The result is a peculiar form of corporate cognitive dissonance: executives simultaneously pursuing AI-driven automation to reduce costs while spending billions on backup systems and alternative routes to manage the risks that automation cannot address.
The seppuku solution
Perhaps the most honest assessment comes from those who recognise that the old model is already dead. Global supply chains are on a growth trajectory due to increased consumption and population, yet with this change comes a need to enhance production and improve planning, execution, collaboration and performance efficiency. The challenge is not to preserve what exists, but to build something entirely new.
The seppuku metaphor is apt not because the supply chain industry is dying, but because it is deliberately dismantling the structures that brought it success in order to survive in a more complex world. The ritual suicide of hyper-efficiency may be the price of long-term survival in an age where the greatest risk is not higher costs, but catastrophic failure.

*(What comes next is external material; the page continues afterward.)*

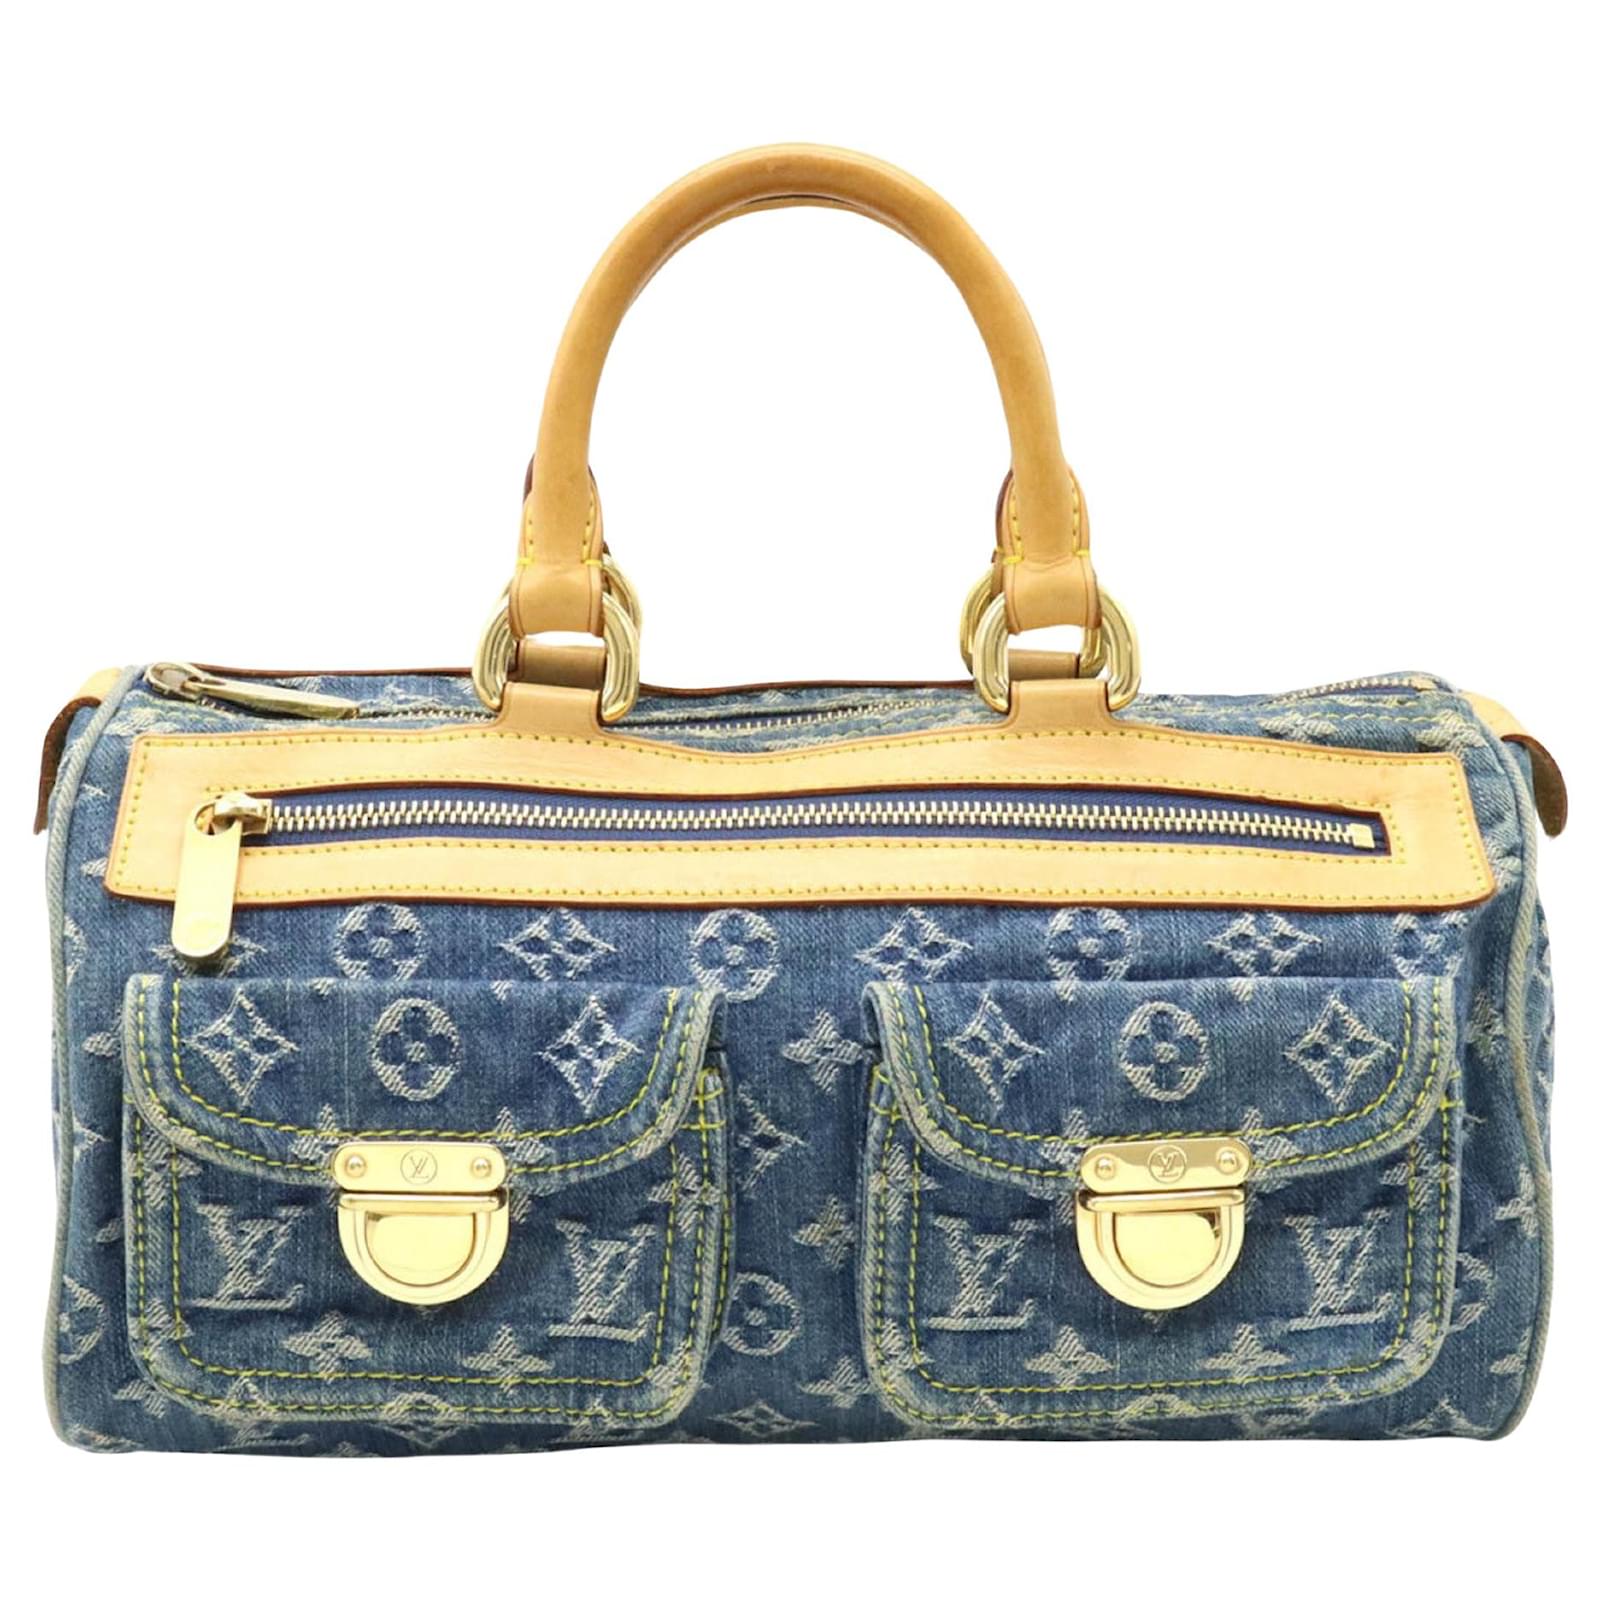 Auth Louis Vuitton Monogram Denim Neo Speedy M95019 Women's Handbag Blue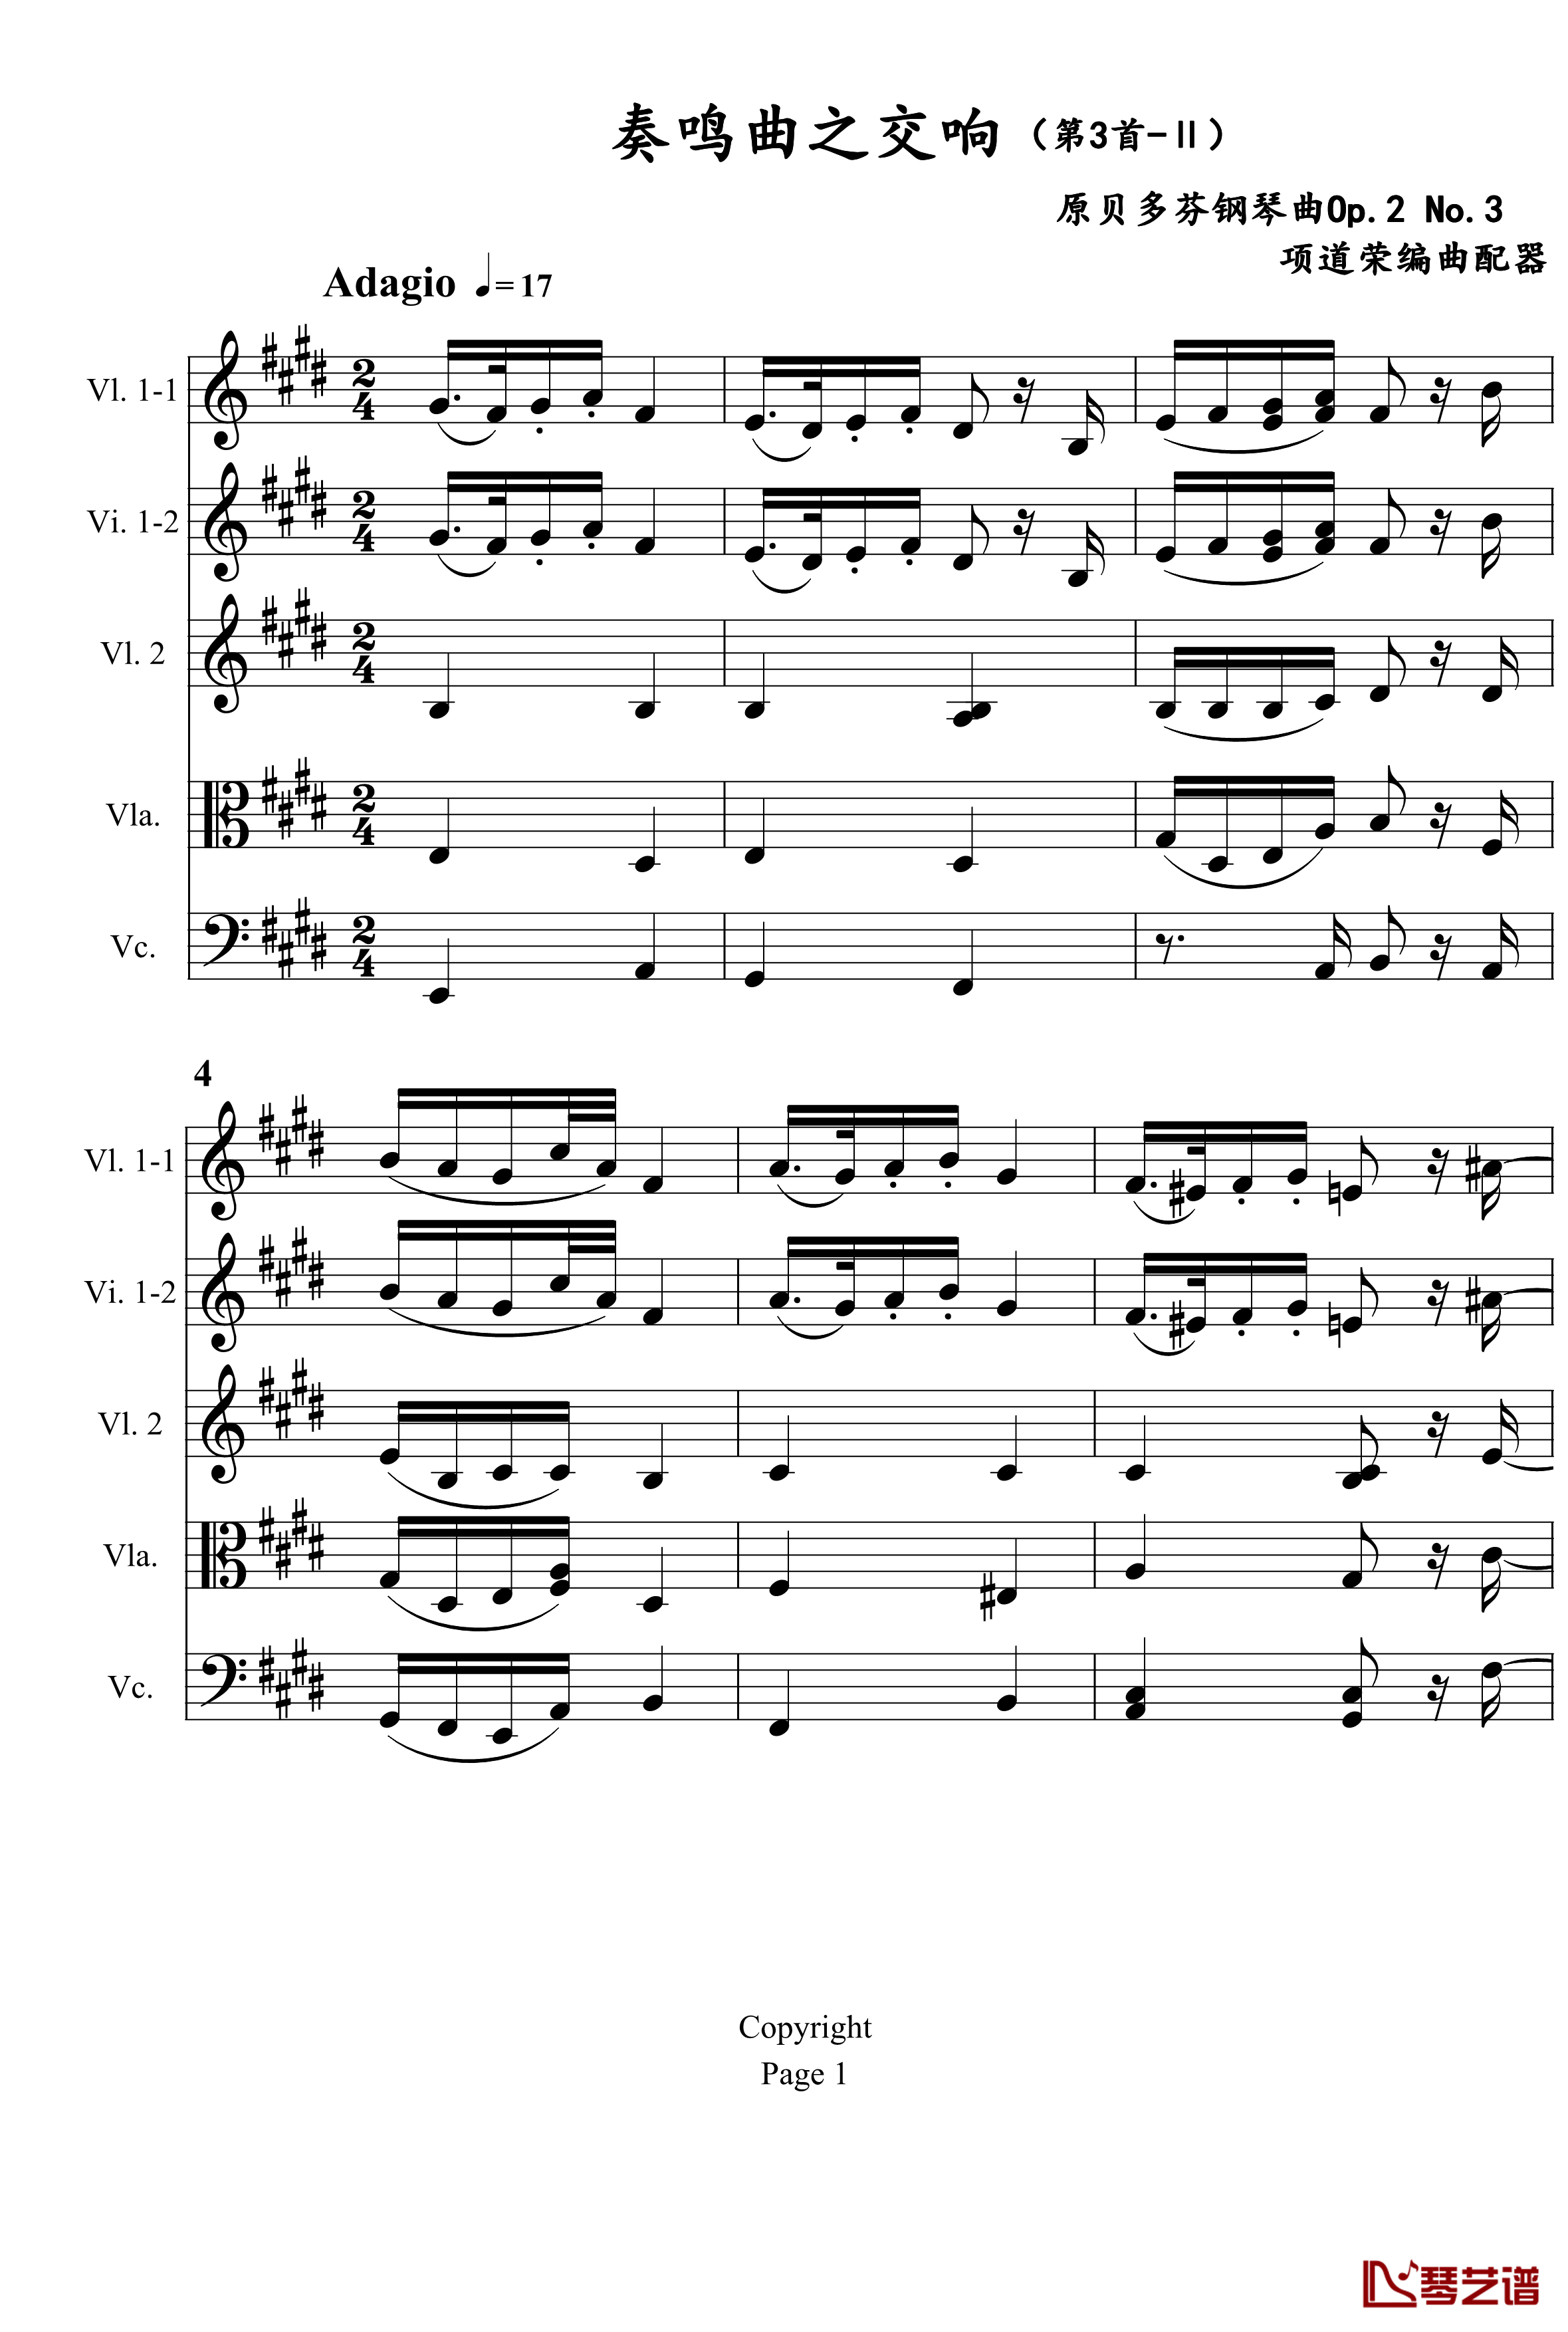 奏鸣曲之交响钢琴谱-第3首-Ⅱ-贝多芬-beethoven1

Whether this transformation succeeds will depend not on the sophistication of the algorithms or the speed of the robots, but on the unglamorous work of building institutions, relationships, and redundancies that can withstand the next shock—and the one after that.
In a world where supply chains have become instruments of statecraft and targets of warfare, the greatest innovation may be learning, once again, how to do business with people rather than just algorithms.
The supply chain of the future will be slower, more expensive, and far more complex than what came before. But it might just survive the next crisis. And in a world where survival trumps optimisation, that may be the best anyone can hope for.